Crocker had nodded when Jack said this. Jack wasn't sure if it was any of his business but hadn't been able to think fast enough of a way to get out of answering the question.
Jack gathered the papers and put a paperclip at the top to hold them together. He slipped them in a manila envelope then went upstairs to leave them on the dresser. They'd be safe there, he thought, and hopefully that will remind me to get Ennis to sign them sometime this weekend.
As he came back down the stairs he heard Ennis's truck driving up outside, so he went out to the porch to meet them. He walked over and saw Ennis pulling out two bikes from the back. "Bikes?" he said, "Where'd ya get these?"
"We stopped at a yard sale—Jeanie Campbell sold 'em t'us," Ennis replied. "Along with a bunch of books and a suitcase of Barbies."
"Barbies?" said Jack, puzzled.
"Welcome t'the world of girls, Jack," said Ennis with a laugh. "Yes, Barbies."
Jenny was opening the suitcase on the ground and pulling out a naked Barbie and her equally naked boyfriend Ken. "Look, Uncle Jack!" she squealed. "Look!"
"Not here, sweetheart," said Ennis. "You'll lose all the little shoes in the grass. Close that up and take it upstairs."
"What did you get, Junior?" asked Jack.
"Books, Uncle Jack," she said. "Look at this," putting a box at his feet. "Look at all these Nancy Drews," she said, handing a book to Jack. "I love Nancy Drew."
Jack shrugged as he looked at the cover of the book. He had no idea who or what Nancy Drew was, but he saw the words "mystery series" above the title. "There are a bunch of these?" he asked.
Junior nodded. "Yes, Nancy Drew is a teenager and she solves mysteries. She's a sleuth—I love that word. I want t'be a sleuth!" Junior dug happily in the box, pulling out another book. "This one, The Hidden Staircase, is the second one in the series and it is one of my favorites. Oh, and Uncle Jack, these books are old—lookit this one, it is from 1930," she said, pointing to the copyright date on the frontispiece. "The old ones are the best. Some of them are really scary and Nancy gets herself involved in lots of dangerous situations."

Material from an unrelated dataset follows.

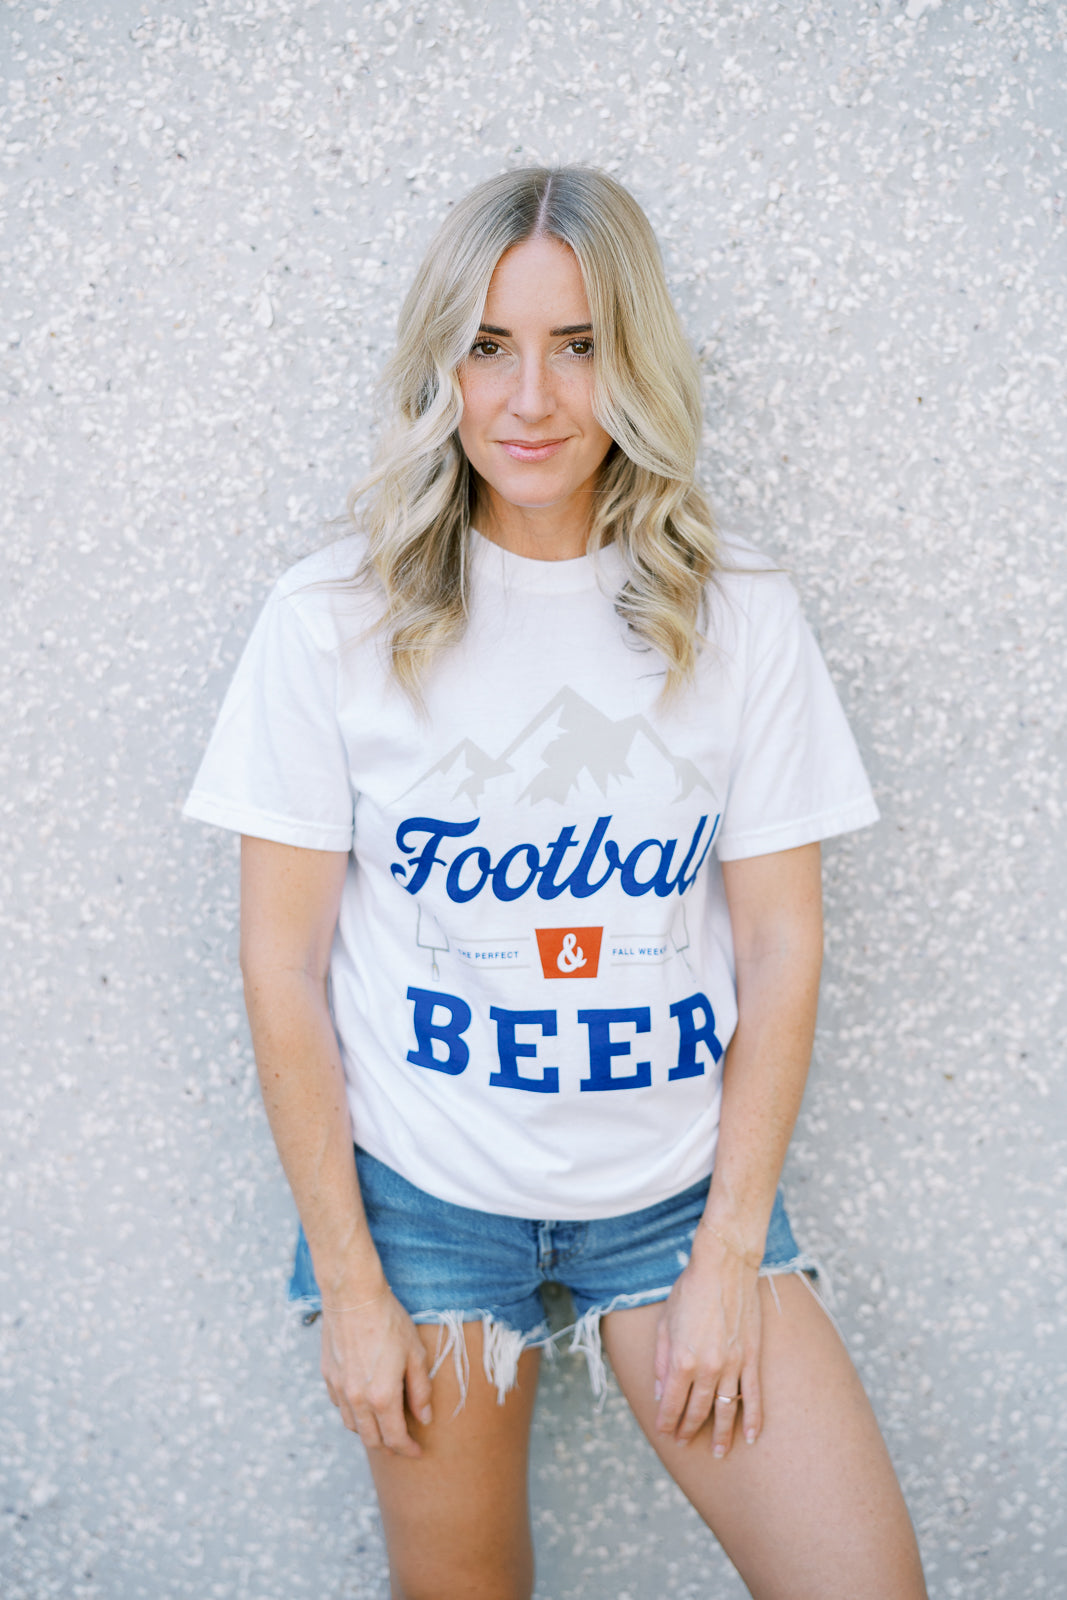 Football and Beer Tee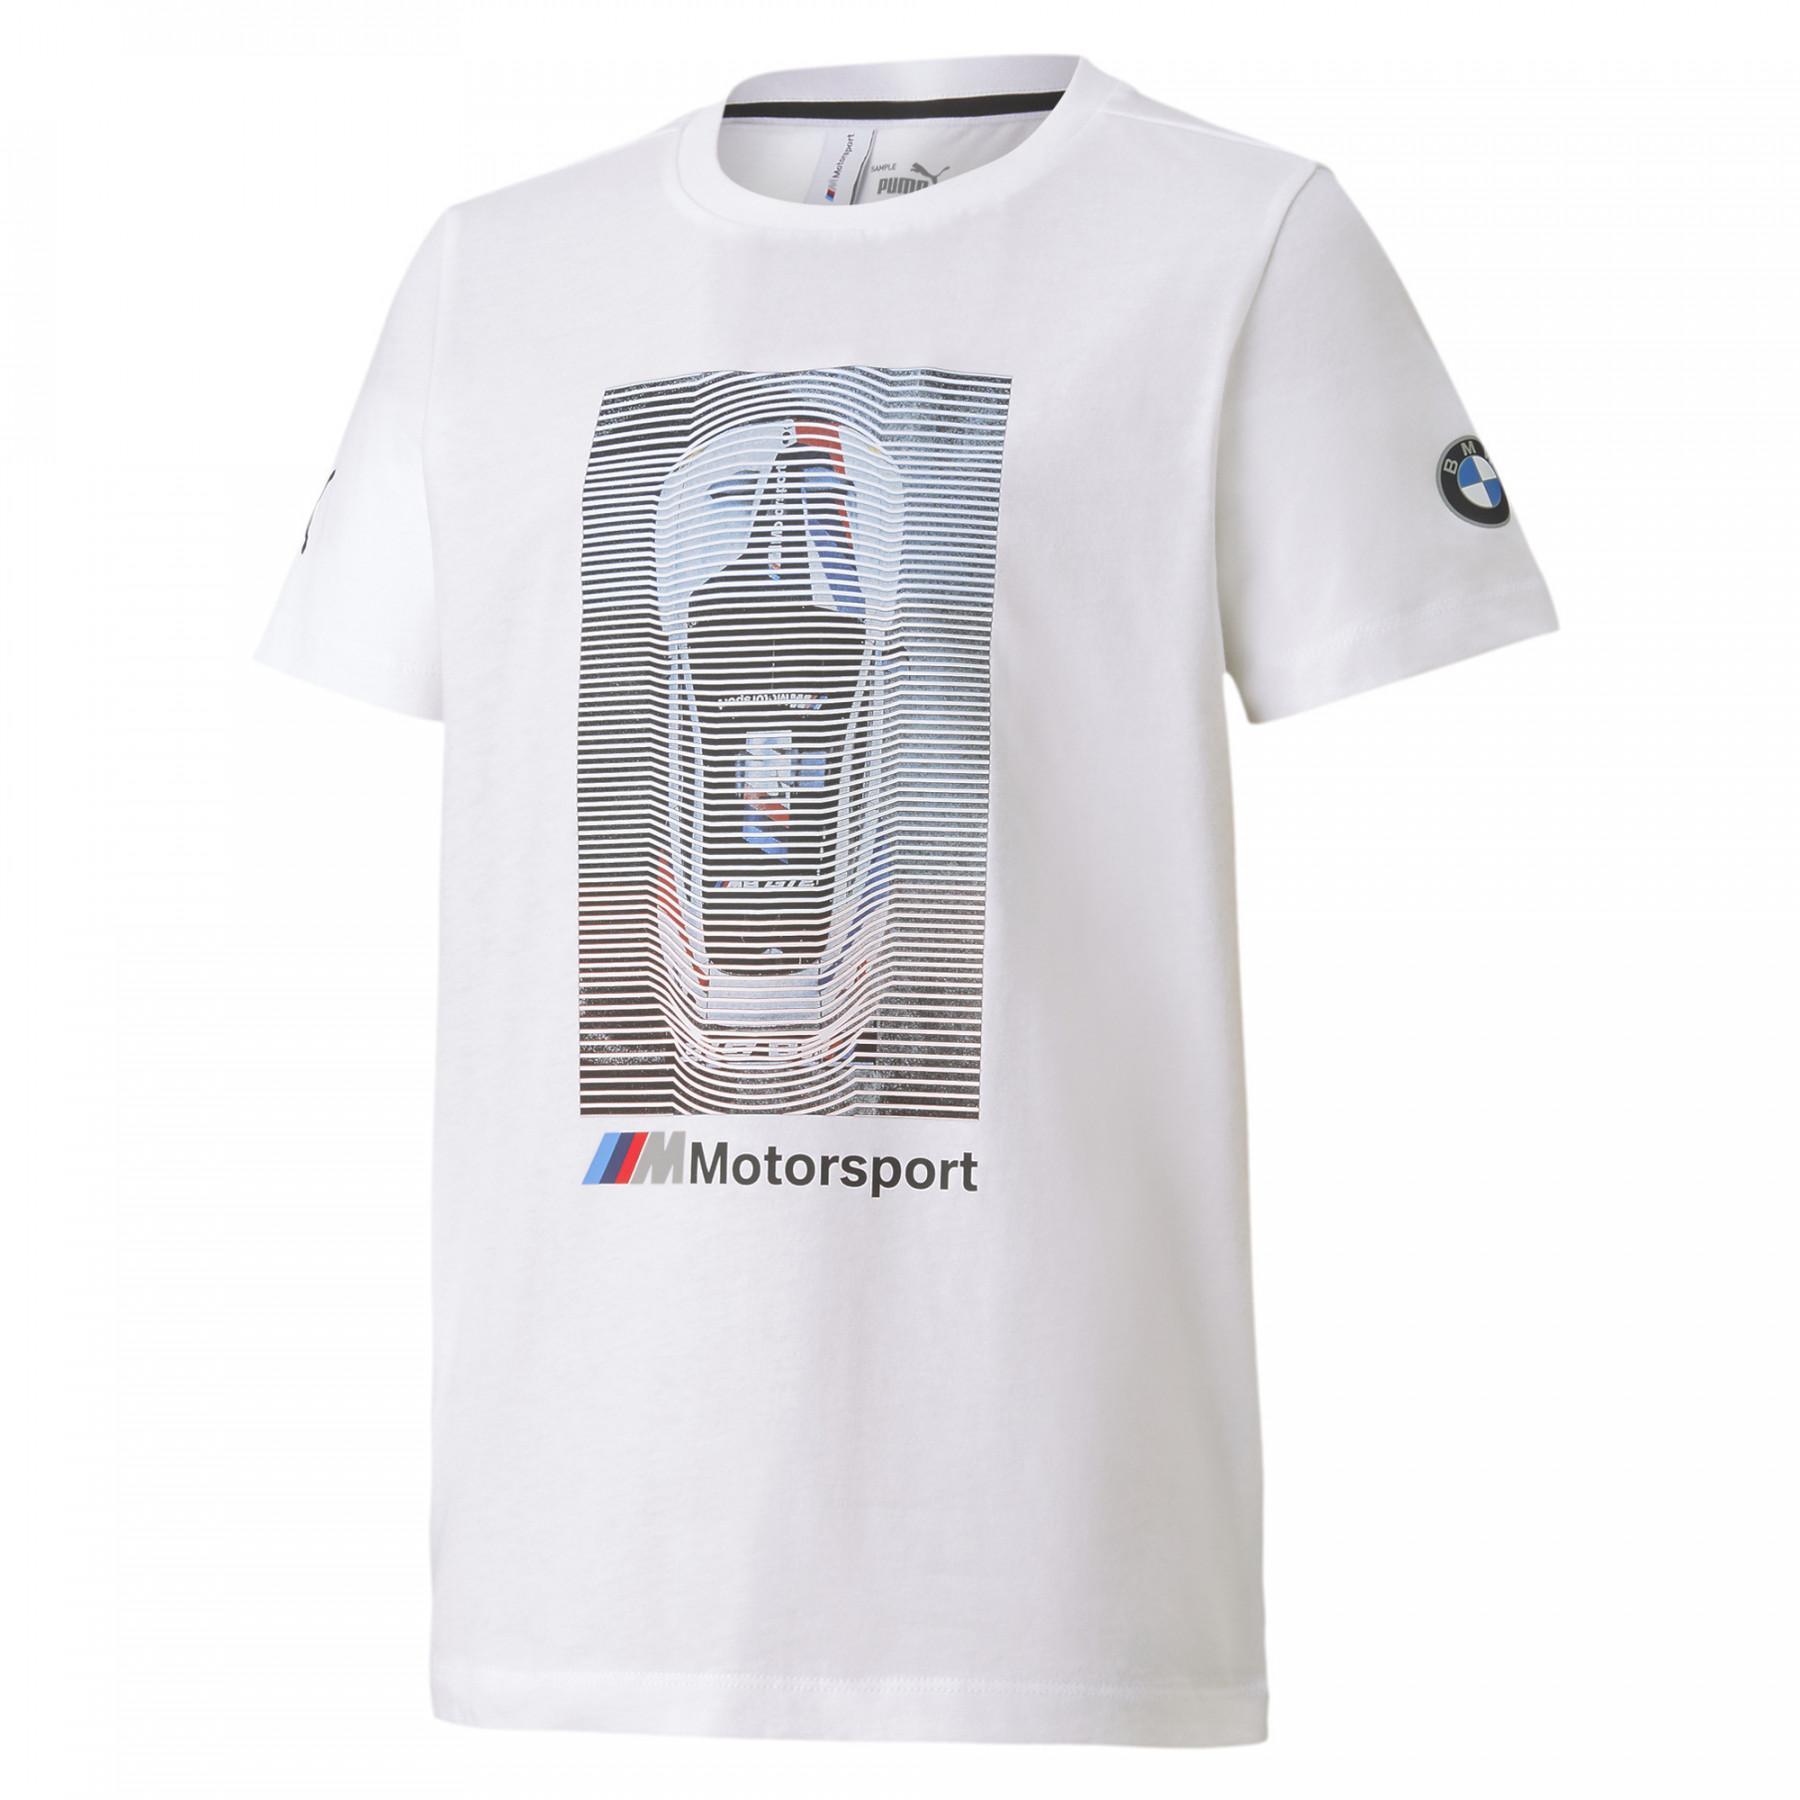 Kinder-T-shirt Bmw Motorsport Graphic

"Sounds like you've read 'em before," said Jack.
"I've read a bunch," said Junior, "although there are lots here I haven't read yet. And I like to re-read them too."
Jack smiled at her. "Well, this is great sweetheart. Now you have your own collection."
"I know," said Junior, "I'm so happy. I've always had to borrow them from the library." She put the books in the box and turned to her father. "I'll take these upstairs, Daddy," she said, heading towards the house.
Jack turned to Ennis. "Ya said Jeanie was there?"
Ennis laughed. "Yup, it was big three family yard sale and the Campbells was one of the families. Jeanie gave me a good deal—all this for ten bucks. She was the one who suggested the bikes—thought the girls could ride t'town t'go t'the library or buy ice cream cones—stuff like that."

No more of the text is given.